Altération, entre mythe et vérité scientifique, par l'expert royal Faneyn Yl'Repi

Les deux sabres frappaient en mesure contre la hanche de Thalya et résonnaient tel un défi dans les avenues du Quart II. Le port d'arme avait été interdit en même temps que l'instauration du couvre-feu, et la championne s'était fait un plaisir de violer les deux depuis l'altercation avec l'albinos.
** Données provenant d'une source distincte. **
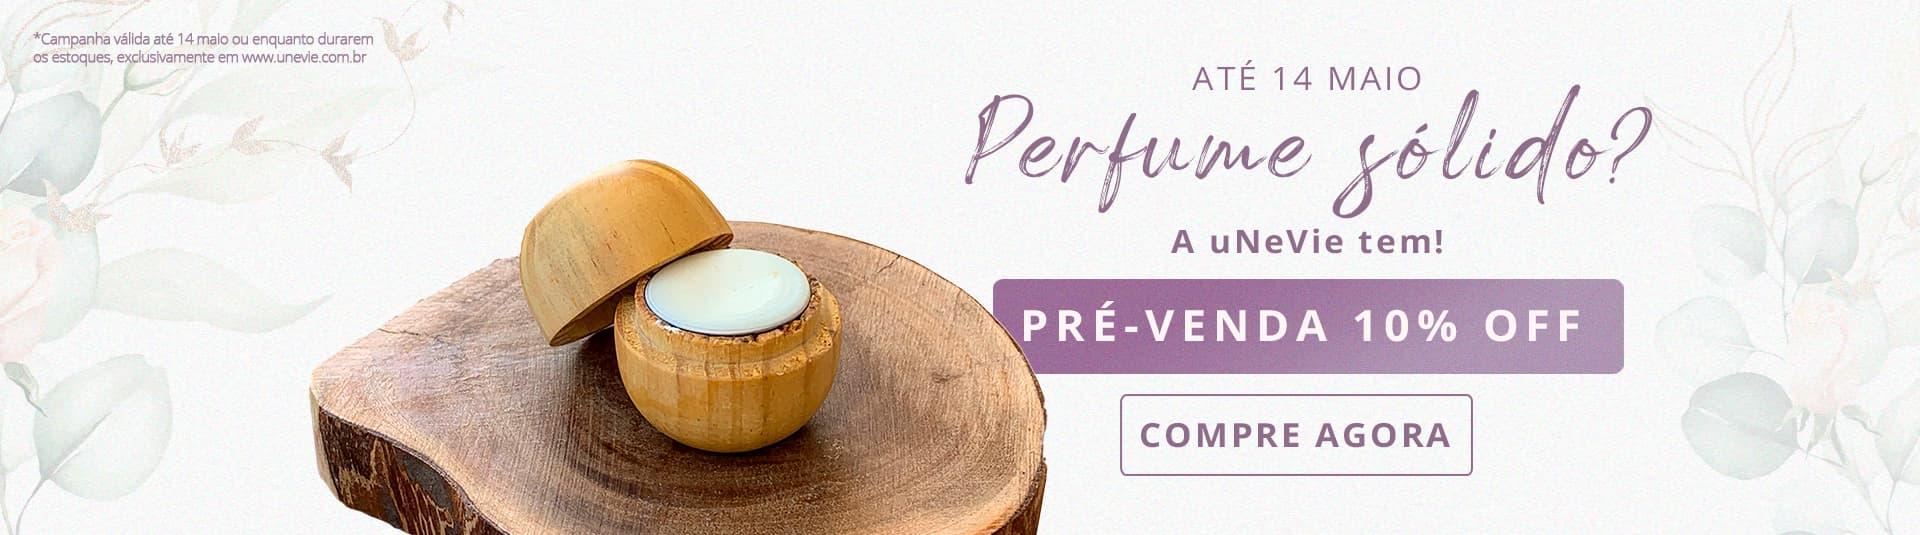 LR 2021-05-03 pre-venda perfumes

Pas question que la peur ne gangrène la population. Obtempérer aurait signifié baisser l'échine, admettre la défaite avant même de combattre. Et curieusement, elle n'avait pas encore été interpelée. Les soldats se tassaient sur son passage et l'ignoraient, comme si n'avait été pas plus tangible que ce fichu Siffleur qui filait jusque dans les ruelles. Comme si elle avait été dotée d'une quelconque prérogative due à son rang. Et curieusement, Thalya se rendit compte que la situation l'embêtait. L'agaçait même. En l'évitant, l'albinos évitait le scandale, le martyr, la démonstration de courage et de révolte qui aurait alors inévitablement pris feu – les Istaldéens n'accepteraient aucun manque de respect envers un champion. Et par Silph la Traîtresse, Thalya aurait bien cassé la gueule à un ou deux officiers pour leur remettre les idées en place et donner un peu de mou à Colère.

Là ! Une livrée ennemie ! Tue-le, tue-le, tue-le.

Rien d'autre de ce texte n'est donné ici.